GROMACS tutorial 5: Methane-methane PMF from window sampling

In this tutorial we'll be using window sampling, also sometimes known as umbrella sampling, to extract the methane-methane potential of mean force. In tutorial 3 we got the PMF the direct way by simulating several methanes and getting the radial distribution function. It's not always possible to sample several solutes like this.

We are going to take two methanes and restrain them at different distances using a harmonic potential. The different distances are "windows". In a regular simulation, like the one we did in tutorial 3, some of these windows are rarely sampled. Umbrella sampling solves this by forcing the molecules to stay within a certain range of a set distance.

At the end, we'll use the GROMACS implementation of weighted histogram analysis (WHAM) to reconstruct the PMF. An article on the Alchemistry wiki discusses WHAM in the context of alchemical changes. Here our reaction coordinate is the distance between the two methanes.

Setup

Create box

Once again we'll be reusing methane.pdb and topol.top from our previous tutorials. Insert two methanes into a box using gmx insert-molecules and then solvate the box using gmx solvate. The box needs to be cubic and at least 3.1 nm in each direction for this tutorial.

Create index file

We also need to create an index file with the two groups we are interested in restraining with our umbrella potential. Create an index file using gmx index creating a group containing just one carbon from one of the methanes and naming them CA and CB respectively.

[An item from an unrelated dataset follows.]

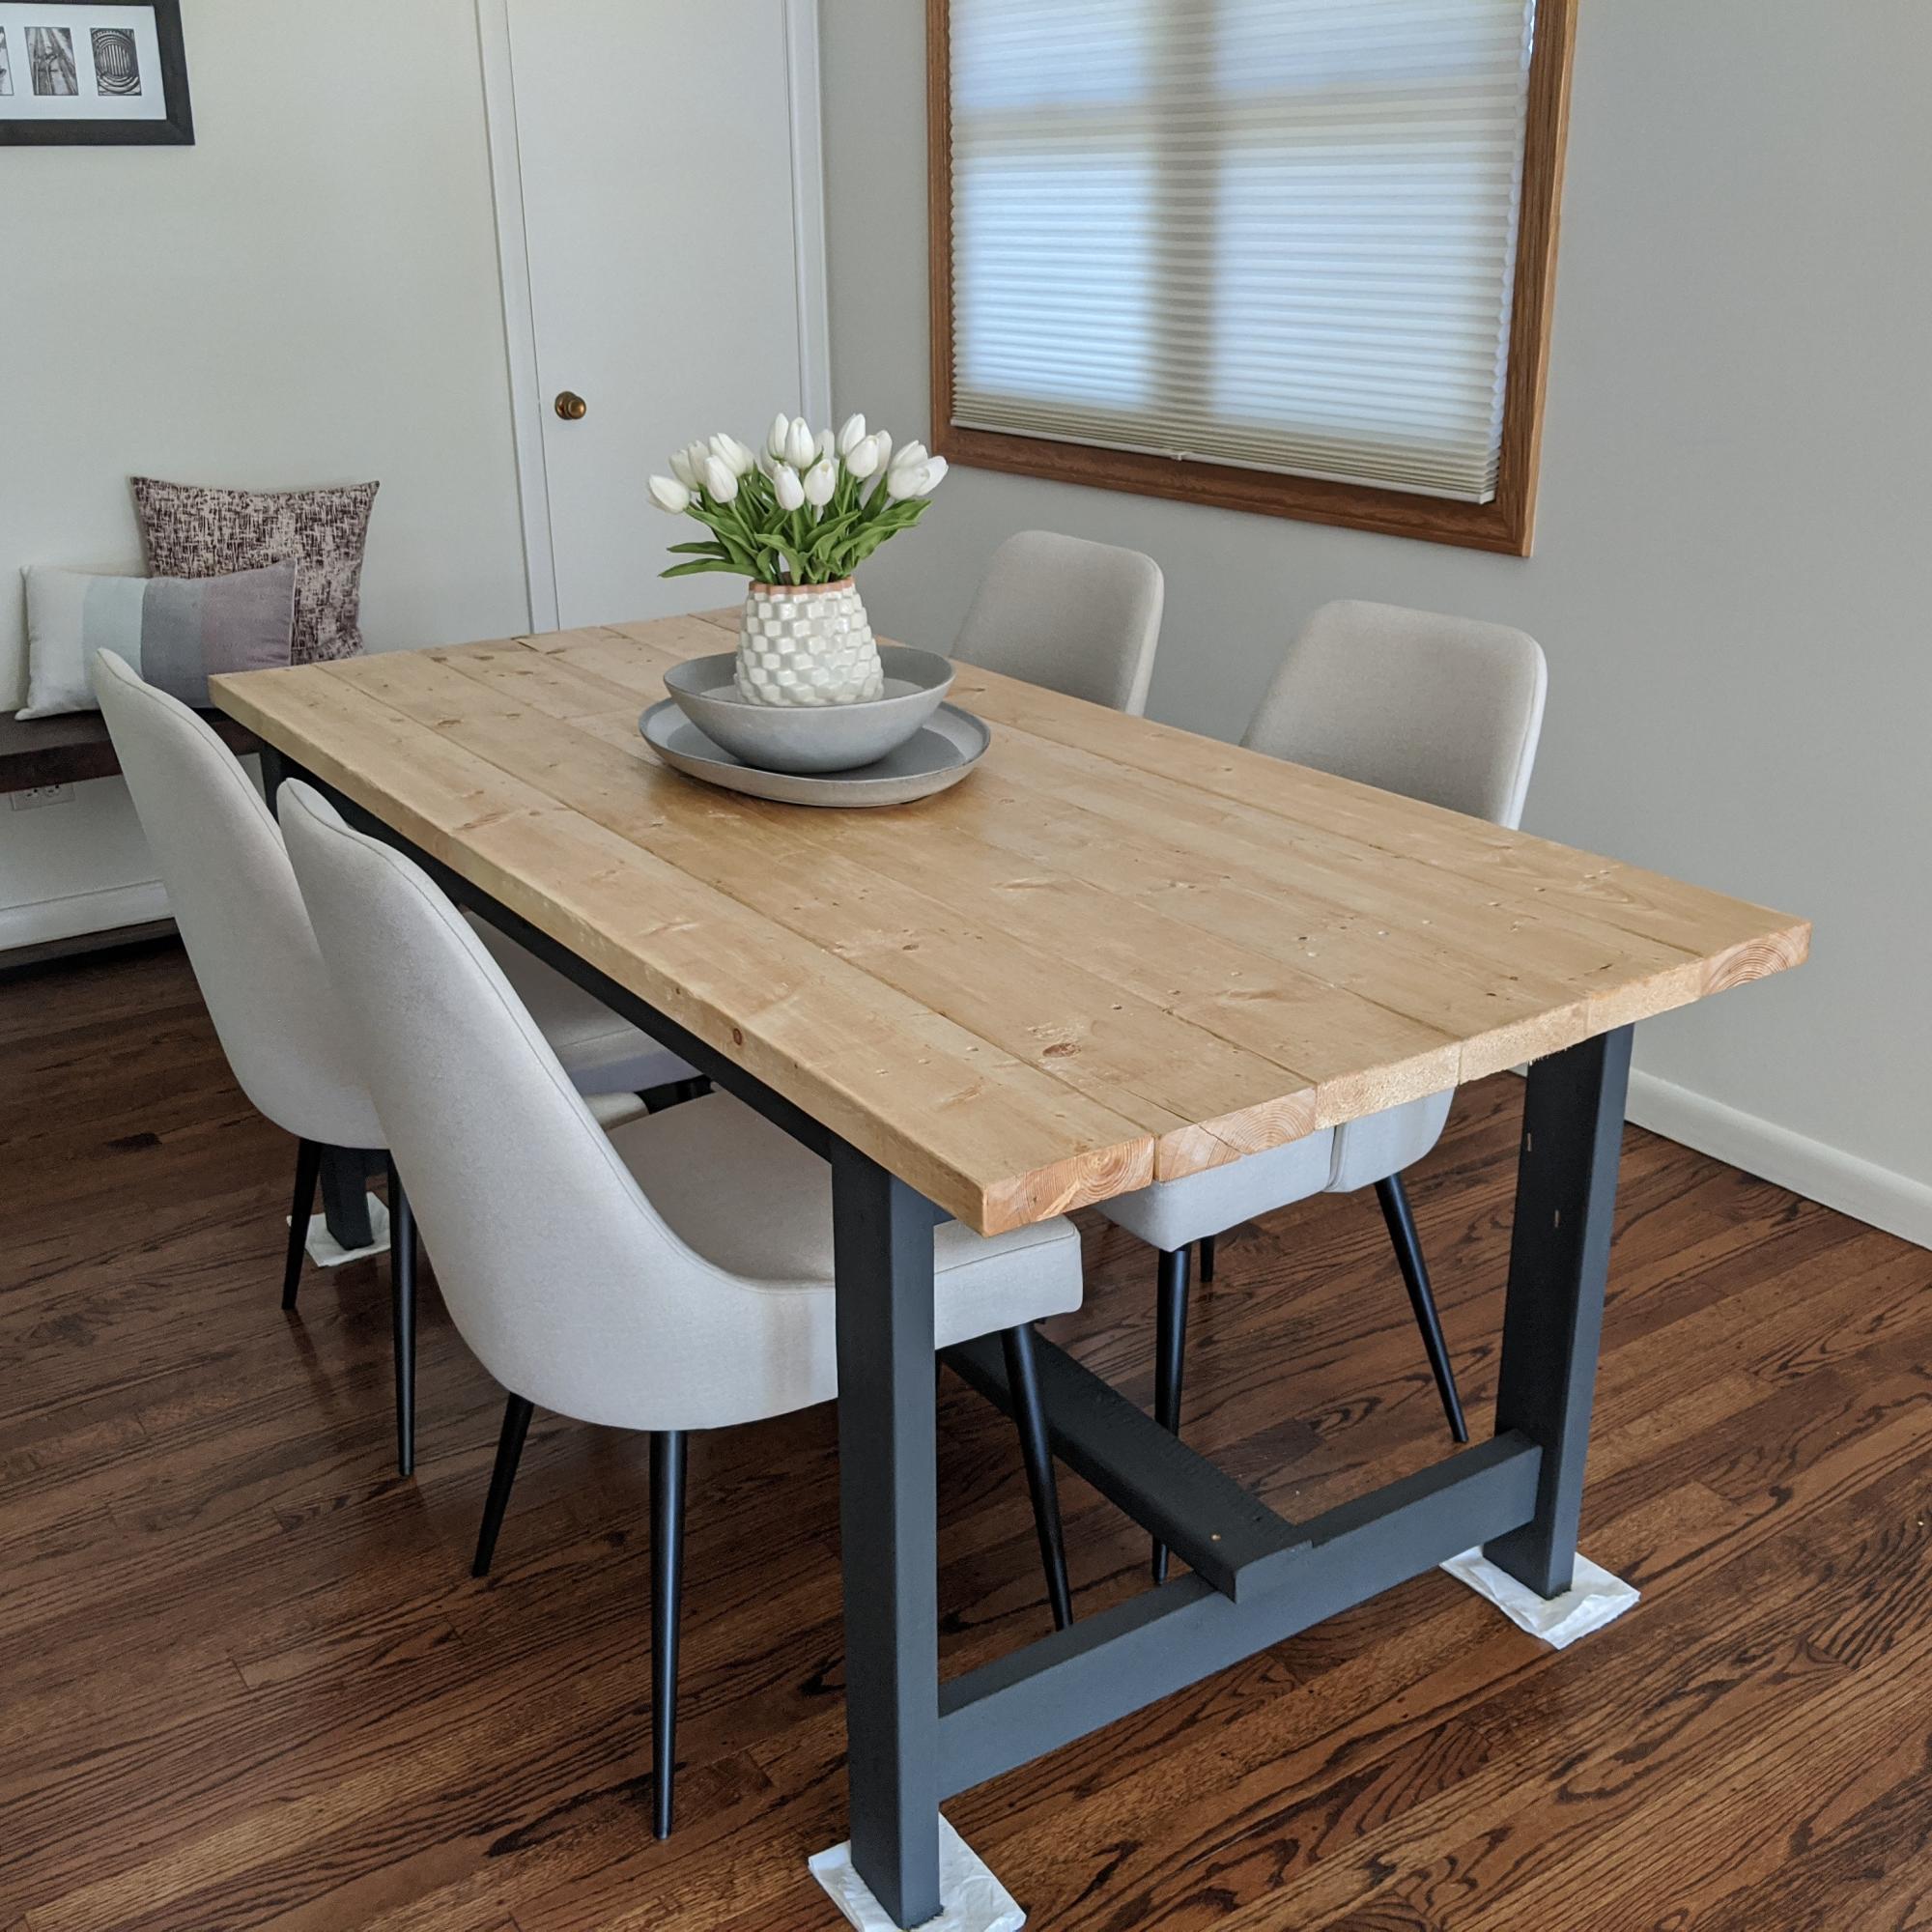 Beginner Farm Table 2 Tools 50, Dining Chairs Under 50 Dollars

$ gmx make_ndx -f conf.gro

Then, assuming the residue CH4 is in group 2:

> splitres 2

Now I assume the last two groups are 6 and 7 which are the two methane molecules:

> 6 & a C
> 7 & a C

Now name the groups:

> name 8 CA
> name 9 CB
> q

There are other ways to get to the same place with gmx make_ndx. The point is, you need to get each methane carbon in its own index group and name them CA and CB.

Parameter files

We're pretty much reusing the parameter files from the first few tutorials, except we'll be adding a section on center-of-mass (COM) pulling. The pull code is how we'll keep our methanes a specified distance apart. There are probably a few different ways to set this up, but for this system, we'll manually specify each distance we want for the two methanes.

The parameter files for each step are found here.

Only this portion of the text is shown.